The reliance on domestic legislation has produced uneven regulatory outcomes. Some States have adopted bans on certain single-use plastics, extended producer responsibility schemes, and recycling targets, while others lack basic waste management infrastructure (OECD 2022). The absence of harmonized standards creates regulatory gaps and competitive distortions in global plastic production and trade.
The marine plastic pollution treaty seeks to address this deficit by establishing common obligations that give operational content to Article 207. By setting binding global requirements or harmonized standards, the treaty could transform a broadly framed obligation of conduct into measurable commitments capable of reducing land-based leakage into the marine environment.
3.3 Vessel-Source Pollution
Plastic pollution also arises from maritime activities, including accidental loss of containers, illegal discharge of waste, and abandonment of fishing gear. UNCLOS Articles 211 and 217 regulate vessel-source pollution and allocate jurisdiction among flag, coastal, and port States. These provisions operate in conjunction with the International Convention for the Prevention of Pollution from Ships (MARPOL).
MARPOL Annex V prohibits the discharge of plastics into the sea from ships, without exception (IMO 1973/1978). This prohibition covers synthetic ropes, fishing nets, plastic garbage bags, and incinerator ashes from plastic products. The regime represents one of the clearest global bans on marine plastic disposal.

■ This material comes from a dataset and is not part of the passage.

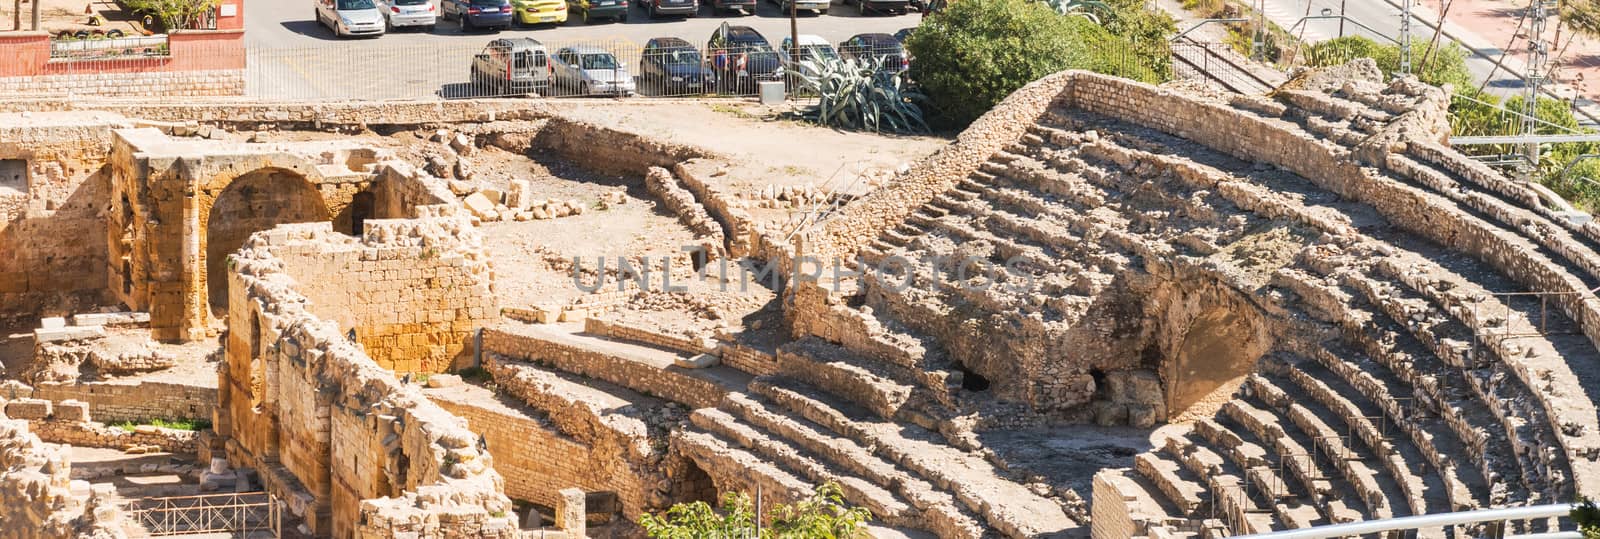 Roman Amphitheatre in Tarragona Spain by Marcus

Enforcement, however, depends primarily on flag State jurisdiction. Under UNCLOS Article 217, flag States must ensure that vessels flying their flag comply with applicable international rules and standards. Coastal States may exercise limited enforcement powers within their territorial sea and exclusive economic zone under Articles 220 and 218, while port States may inspect vessels voluntarily entering their ports.

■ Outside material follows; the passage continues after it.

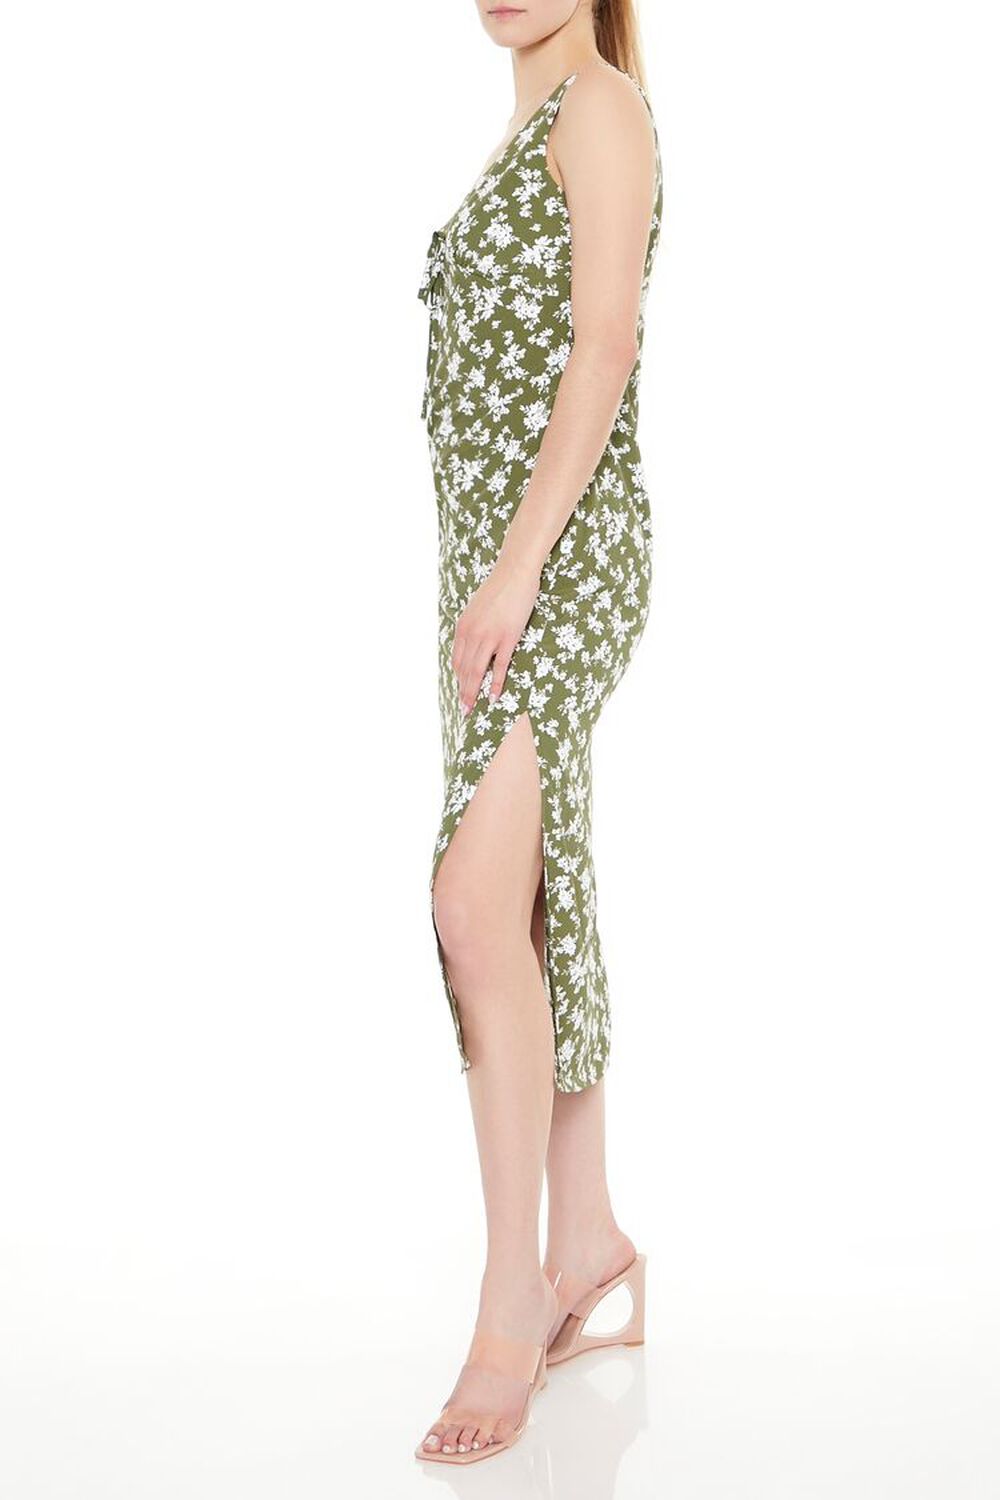 OLIVE/MULTI Floral Print Bow Slit Midi Dress, image 2

In practice, enforcement gaps persist. Flag States with limited capacity or weak oversight may fail to ensure compliance. Coastal State jurisdiction in the exclusive economic zone is constrained by evidentiary thresholds and navigational freedoms. Port State control has emerged as an important compliance tool, but inspections are resource-intensive and cannot eliminate all violations.
Moreover, MARPOL addresses discharge at sea but does not regulate the upstream production of plastics used in maritime industries. Lost or abandoned fishing gear, often referred to as “ghost gear,” remains a significant source of marine debris (FAO 2018). A comprehensive marine plastic pollution treaty could strengthen obligations regarding gear marking, retrieval schemes, and reporting requirements, thereby reinforcing existing vessel-source pollution controls.

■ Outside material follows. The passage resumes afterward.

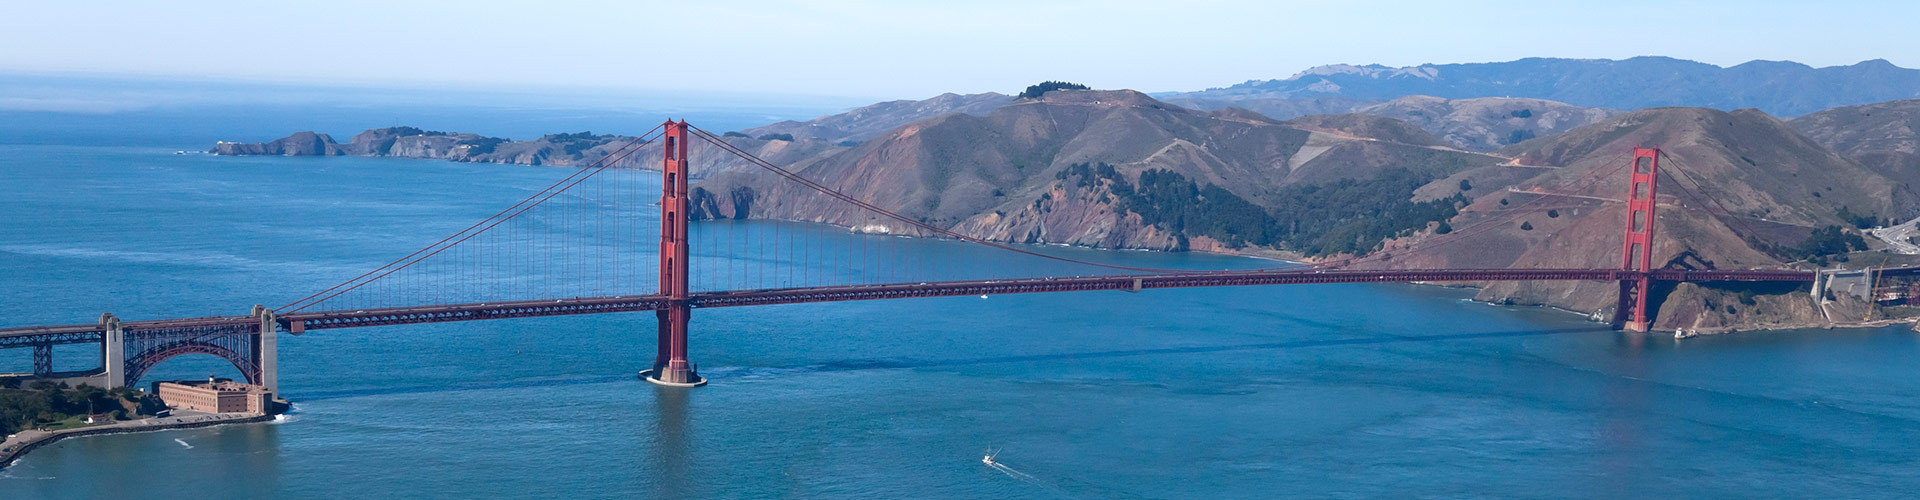 Golden Gate Bridge aerial view

3.4 Relationship with Other Agreements
UNCLOS Article 237 explicitly recognizes that the Convention’s provisions on marine environmental protection are without prejudice to specific obligations undertaken under special conventions and agreements that further the protection of the marine environment. This clause allows for the development of additional treaties that elaborate or strengthen Part XII obligations, provided they remain compatible with the Convention’s objectives.
The marine plastic pollution treaty must therefore operate within this systemic framework. It cannot diminish rights and obligations established under UNCLOS, such as navigational freedoms or jurisdictional allocations. At the same time, it may specify substantive standards that give practical effect to the general duties of prevention and due diligence.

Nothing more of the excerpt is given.